Incorrect Model Fit

[mmilevskiy]

Hi @AliciaSchep

I am having difficulties with the model fit for NucleoATAC. The model is fitting to all my reads, which includes FR and RF reads. The FR read insert length patterns match closely with my ATAC Tn5 banding patterns and expected output from this technique whilst the RF reads do not. I am unsure on how to exclude these, as a result the model may be over-representing the NFR regions and under-representing the nucleosome reads.

Can you comment on how the model affects the output of NucleoATAC? If I use my own insert length file, based on the FR reads only, this finds fewer NFR regions and nucleosome positions.

[AliciaSchep]

Can you include some plots of the fragment size to show what you mean?

[mmilevskiy]

Hi @AliciaSchep. I have attached the insert length histogram from Picard as well as the model for the NucleoATAC using the default setting under "nucleoatac run'' and when I use my own insert length text file based on the FR reads only.

ATAC_FACS_Pool_Merged_insert_size_histogram.pdf

nucleoATAC_Default.occ_fit.pdf
nucleoATAC_FR_Read_Ins_Leng.occ_fit.pdf

Could the problem be that when I use my own insert length text file the model created based off that doesn't match the sequencing. So if I could remove the RF reads that might solve the problem.

[mmilevskiy]

The RF reads, could they be due to smaller read lengths <75bp (75bp PE sequencing, NEXTSeq) and these reads overlapping and being mapped in the wrong orientation, but are reads to be included in the analysis? If so, the model from NucleoATAC would be correct?

[AliciaSchep]

I would recommend re-examining how the adapter trimming & alignment is being performed, because there should be no reason for the RF reads to have different distribution than FR, and the sharp cutoff suggests that there is some kind of issue with the alignment that RF framgents longer than the read length are not getting mapped. There also seems to be a general dip of fragments around the read length for the FR reads, which also suggests that the adapter trimming isn't being fully effective at catching cases when only a couple of basepairs of adapter are included.

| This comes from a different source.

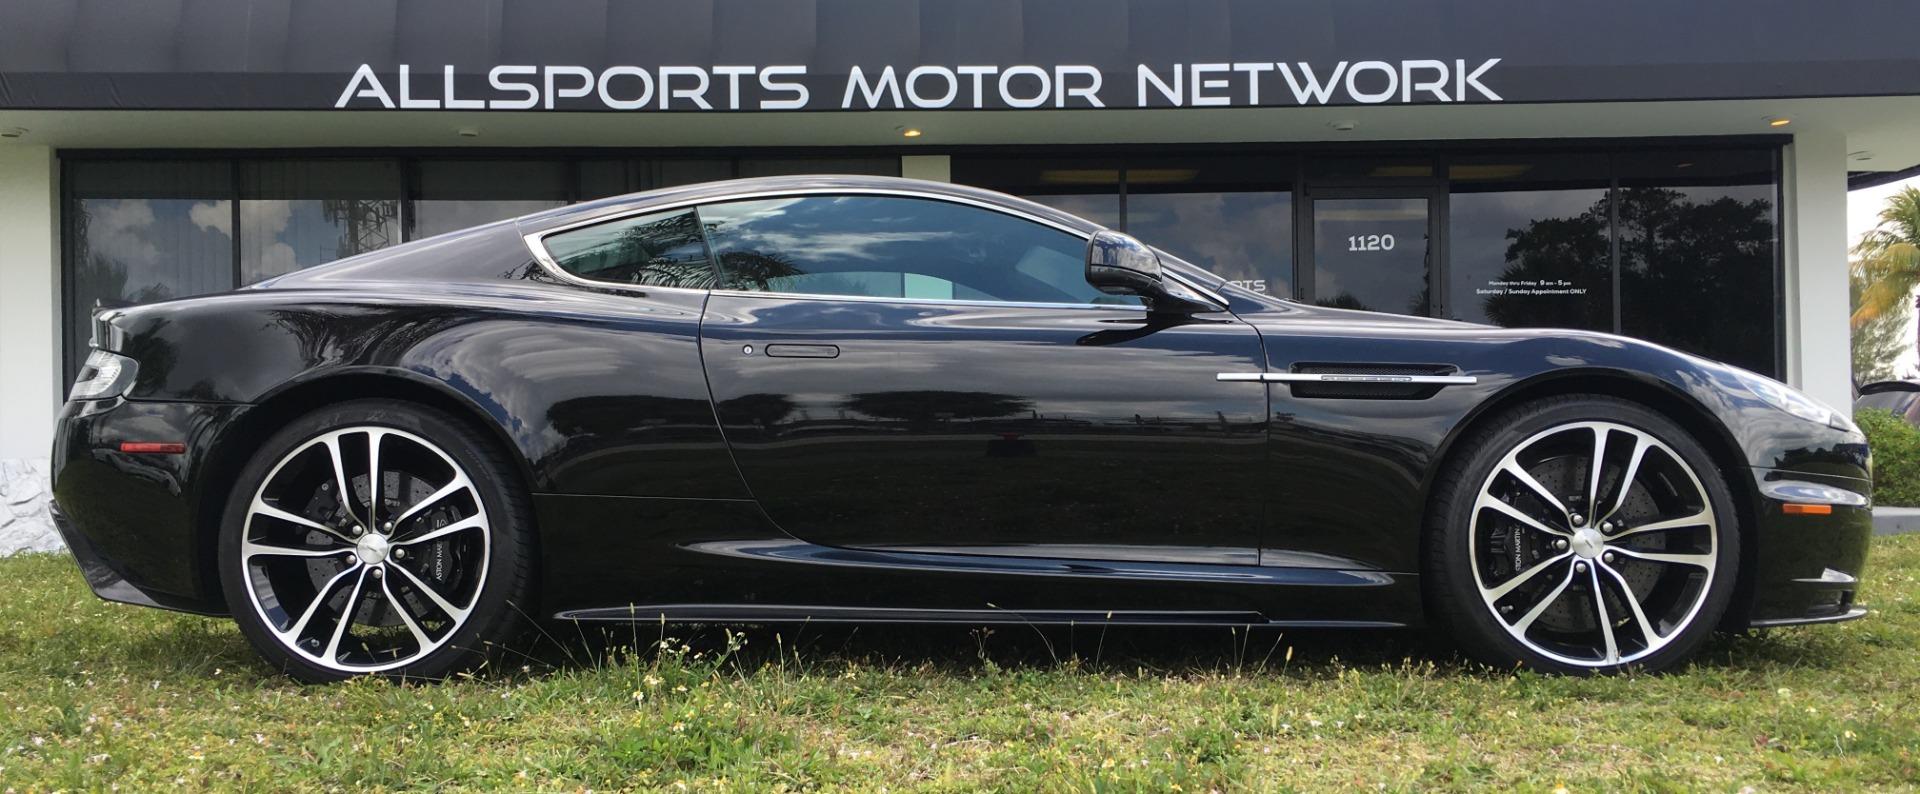 2011 Aston Martin Dbs Carbon Edition For Sale In Miami Fl E02785 All Sports Motor Network

In general, the fragment length distribution from NucleoATAC might be a little bit different than what you get from Picard because only fragments within the peaks are queried.

[mmilevskiy]

Hi Alicia. Thanks, I have been using trim_galore to do the adapter trimming. Would you recommend using the "-nextera" option or the "-a (sequence adapter)." Unless you have another trimming tool you find works better?

I am getting 90-95% mapping for my libraries with Bowtie2 on default settings, except "-X 2000."